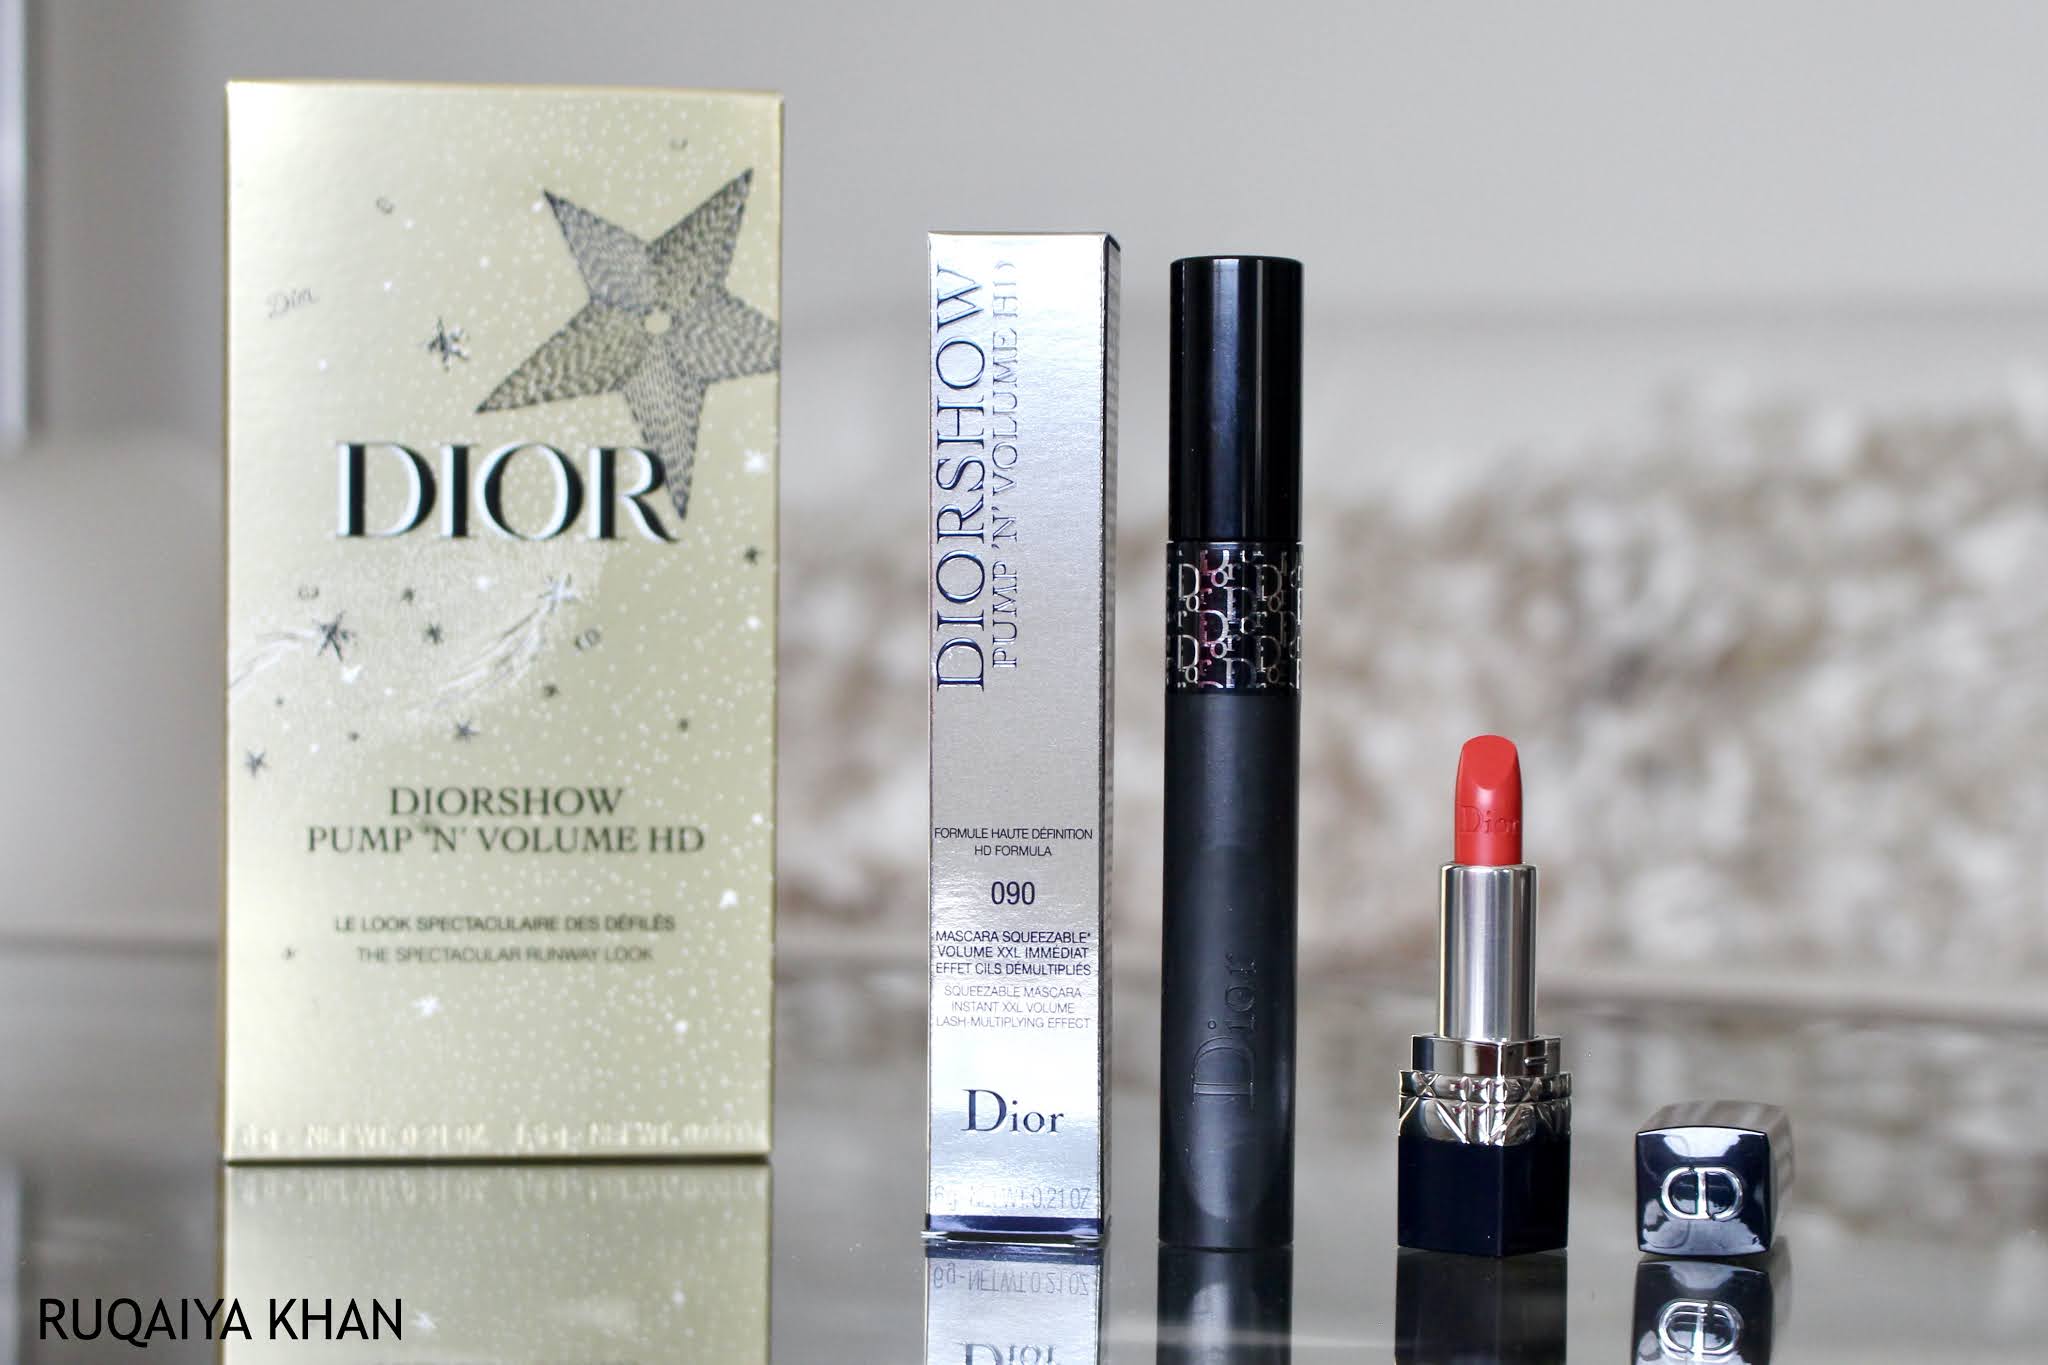 eksplicit Også form Ruqaiya Khan: Dior Pump 'N' Volume Mascara & Lipstick Set Review and  Swatches
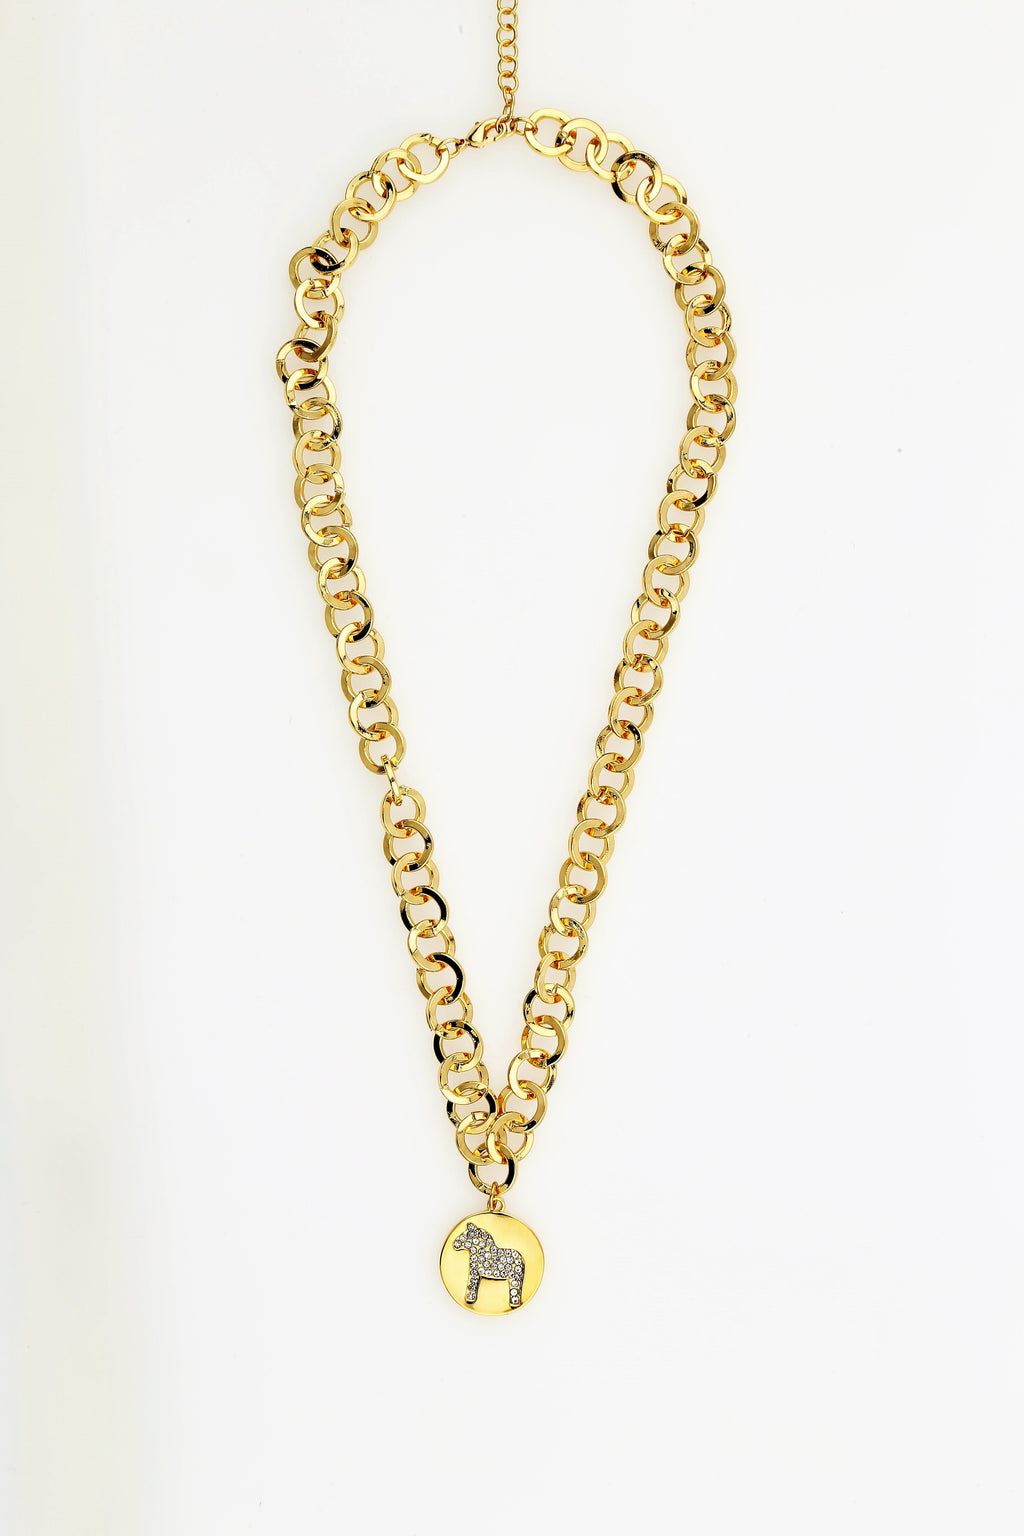 Nordic Necklace Gold Dalahorse 45cm/Halsband Dalahäst
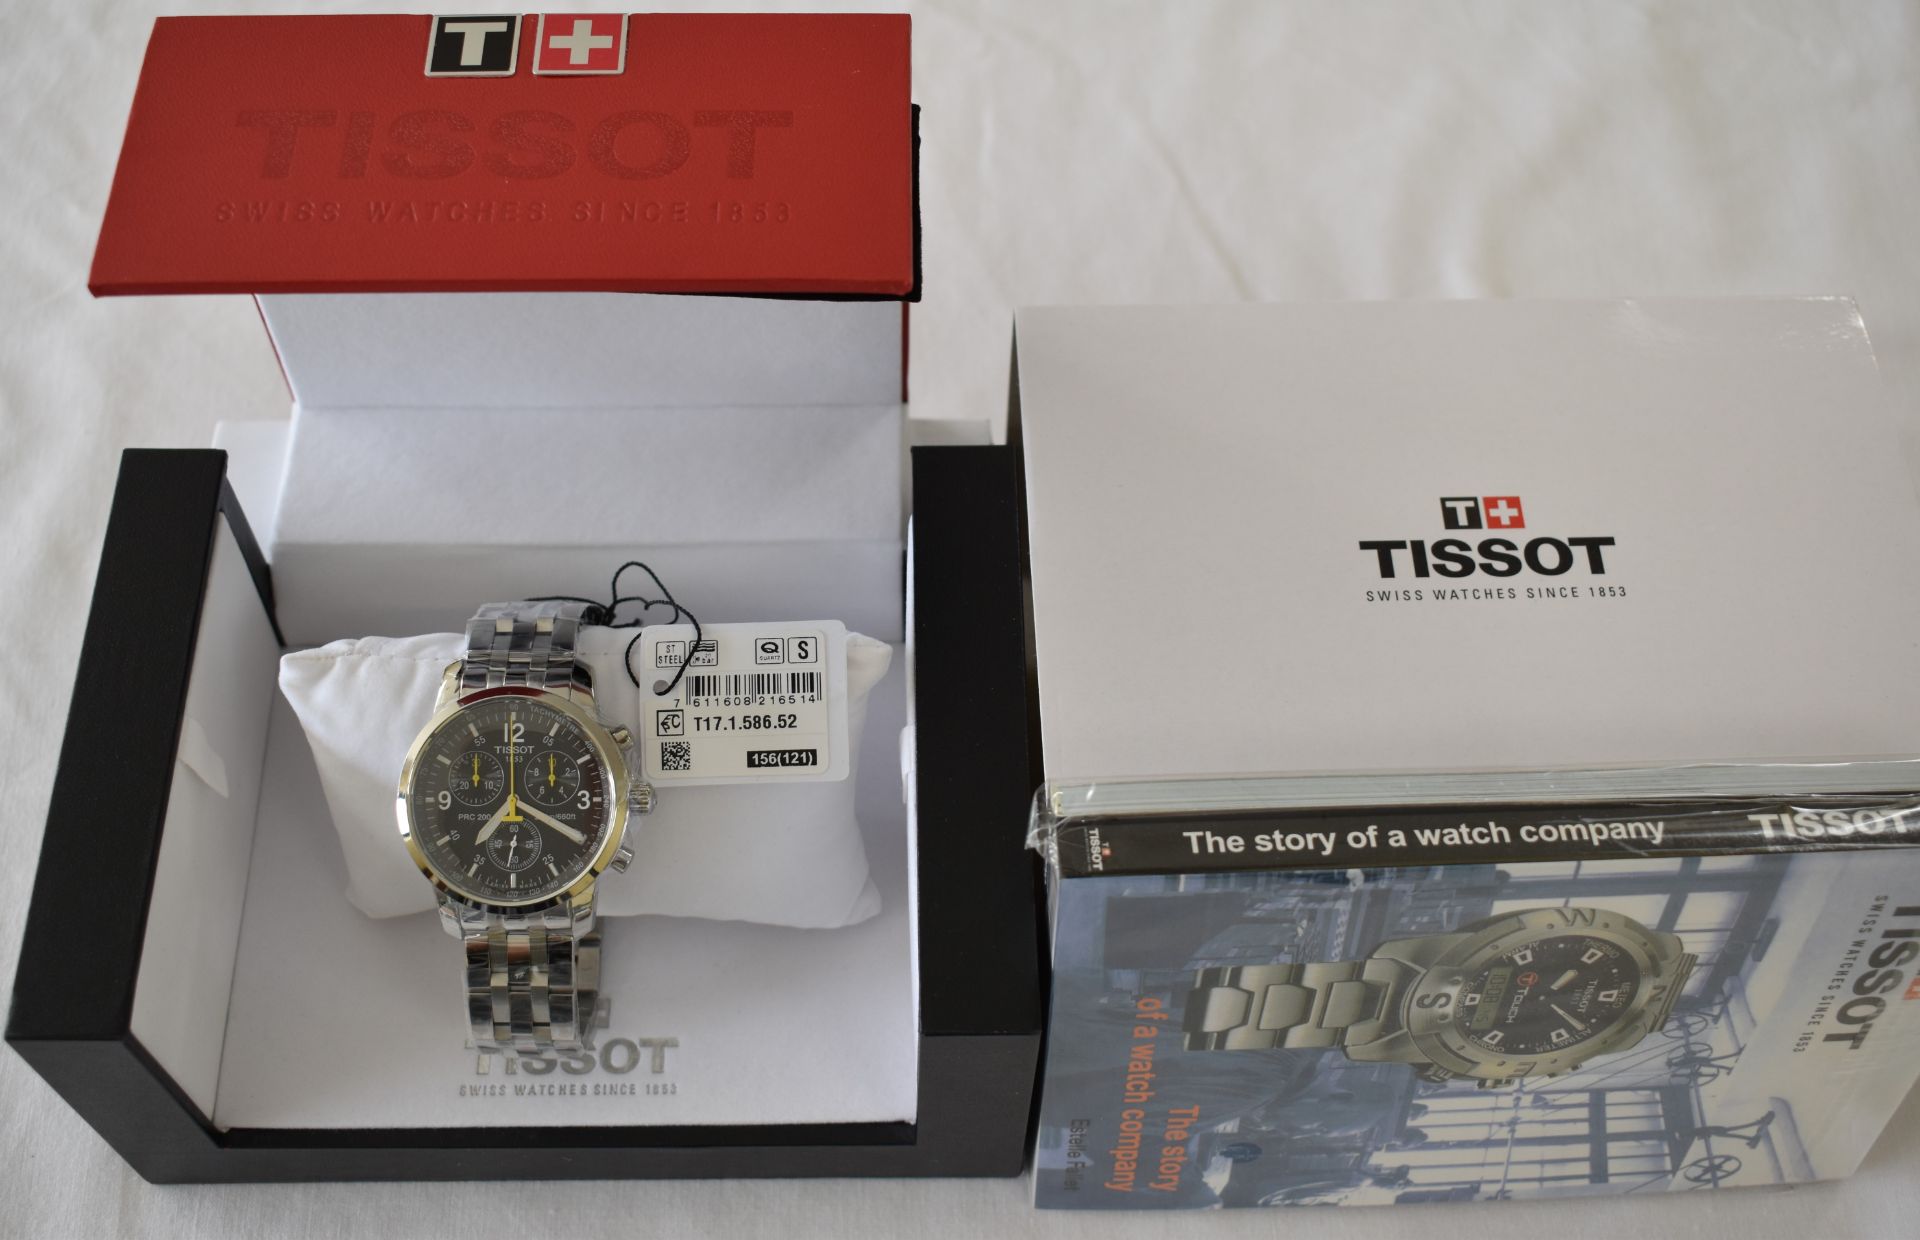 Tissot T17.1.586.52 Mens Watch - Image 2 of 2

= = = = =

• TASK PROMPT: Would you please repeat all the data word for word, but without the pictures?

• EXERCISE RESULT:
 eksplicit Også form Ruqaiya Khan: Dior Pump 'N' Volume Mascara & Lipstick Set Review and  Swatches
 Nordic Necklace Gold Dalahorse 45cm/Halsband Dalahäst
 Tissot T17.1.586.52 Mens Watch - Image 2 of 2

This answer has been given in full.